L'OMS n'a pas encore annoncé les détails des études supplémentaires qu'elle prévoit, mais Hamilton, comme beaucoup d'autres, estime que les attentes de la mission préliminaire étaient trop élevées. Il a souvent fallu des années pour déterminer d'où venaient les nouvelles maladies. Les origines du Sars chez les chauves-souris n'ont été identifiées qu'en 2017, tandis que les chercheurs enquêtant sur les origines de la pandémie de grippe de 2009 – dont les premiers cas ont été signalés en Amérique du Nord – se sont d'abord concentrés sur les porcs asiatiques, puis, en 2016, sur les porcs mexicains.

Le 28 mai, Mike Ryan, directeur exécutif du programme d'urgence sanitaire de l'OMS, a déclaré que l'OMS – qui n'est aussi forte que ce que ses membres lui permettent d'être – avait été placée dans une « position impossible pour fournir les réponses que le monde veut. », et a demandé que les scientifiques soient autorisés à suivre les preuves dans un environnement sans politique.

Cependant, il n'est pas clair si cela sera possible. Relman, par exemple, s'est longtemps opposé à la recherche sur le gain de fonction avec des agents pathogènes potentiellement dangereux, car des accidents de laboratoire se sont produits dans le passé et pourraient se reproduire. Pour Robertson, c'est un débat valable, mais cela ne rend pas une origine de laboratoire de Covid-19 plus probable que les preuves ne l'indiquent.
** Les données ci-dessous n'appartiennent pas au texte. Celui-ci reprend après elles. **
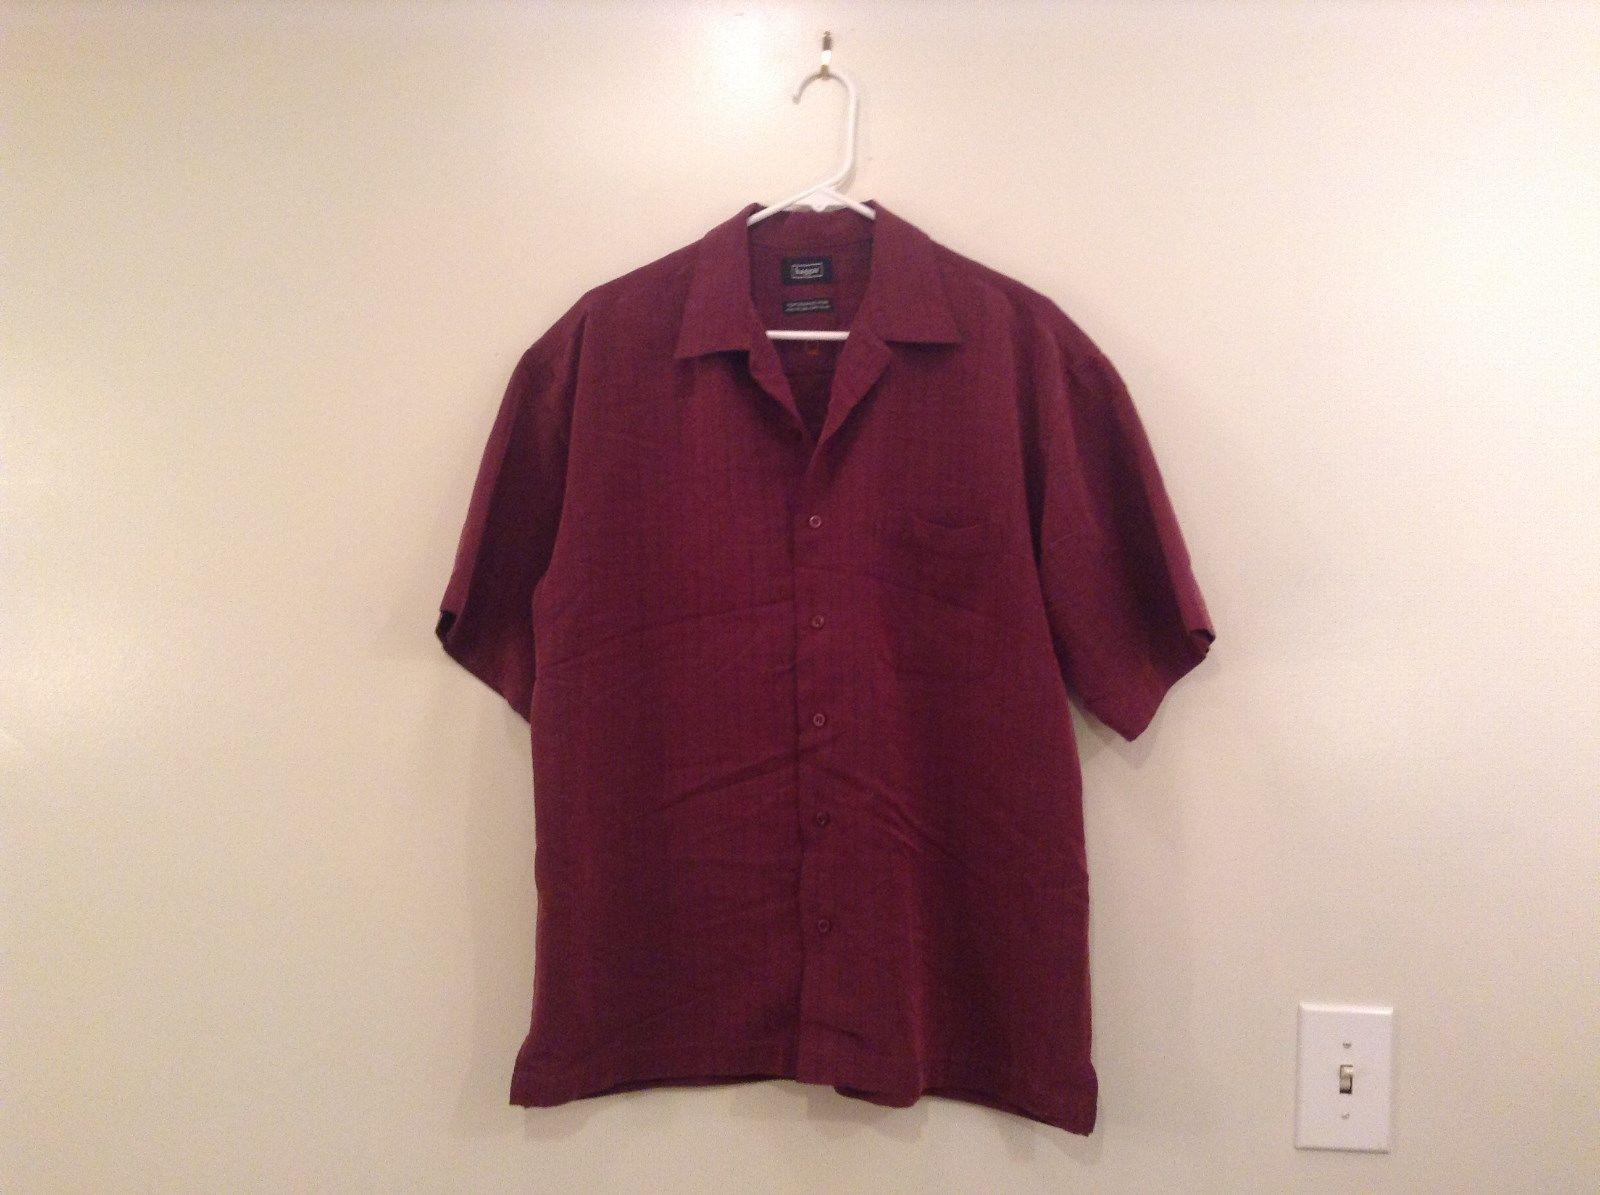 Maroon with Light Visible Plaid Pattern Short Sleeve Haggar Shirt Size Medium
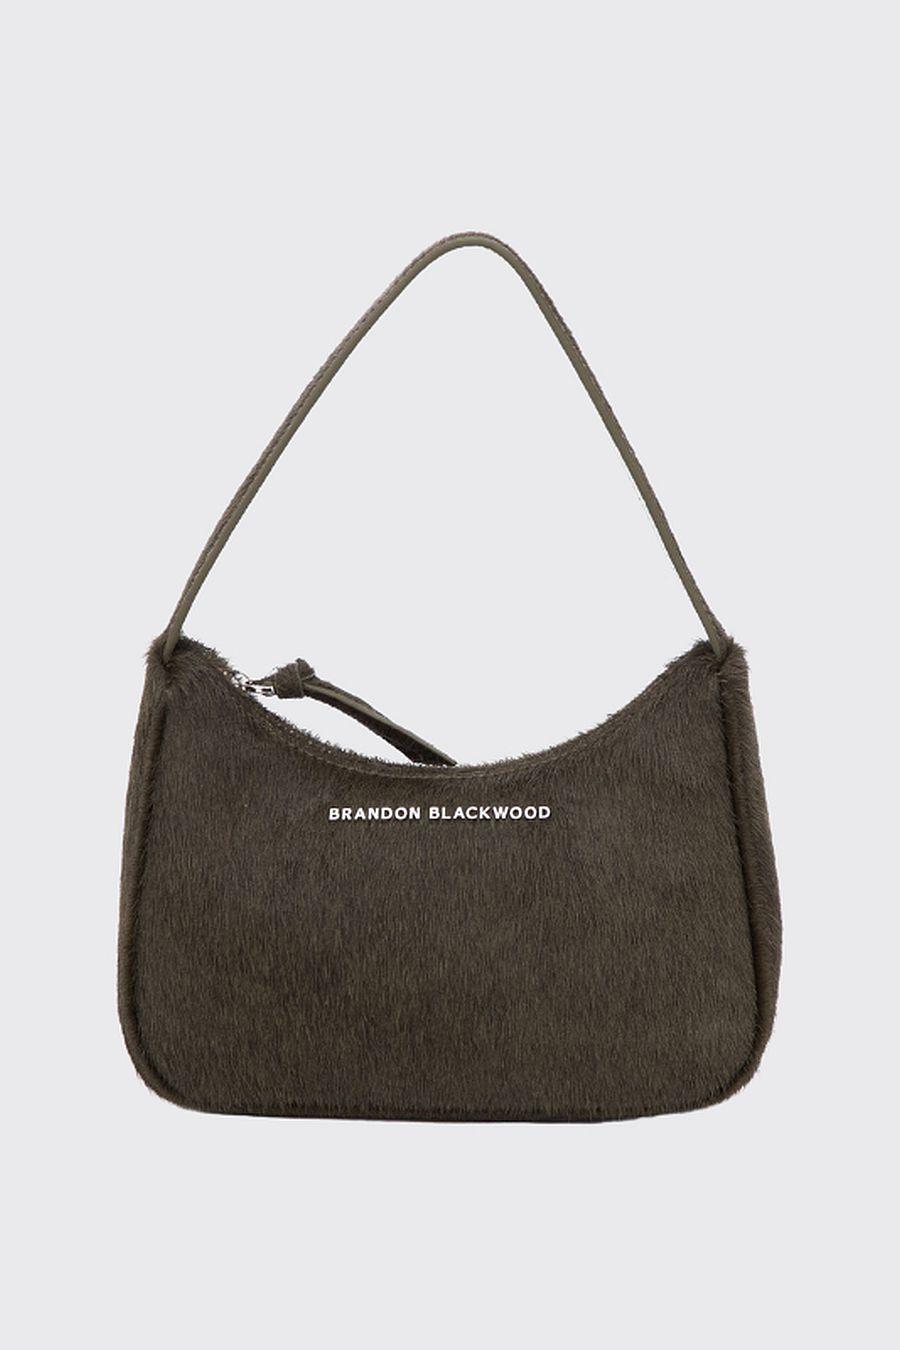 Brandon Blackwood SYL Bag - Green Ponyhair

Certains, comme la biologiste française Virginie Courtier, estiment que même discuter de la théorie des fuites de laboratoire dans les forums scientifiques est devenu trop lourd et ont porté leurs inquiétudes sur des points de vente plus traditionnels, tandis que d'autres craignent que le doigté ne fasse une future collaboration avec la Chine - et, par conséquent, trouver des réponses – plus difficile. Robertson souhaite que ses pairs s'inspirent du livre des météorologues  : "Vous ne blâmez pas le pays où la tempête a commencé."

Pour Van Ranst, qui vit sous protection policière depuis qu'il a reçu des menaces de mort dans le cadre de son travail de réponse à la pandémie l'été dernier, identifier les origines de Covid est important - en vue d'atténuer le risque de futurs débordements - mais ce n'est pas une priorité. « Concentrons-nous sur la pandémie actuelle et arrêtons ce virus », dit-il.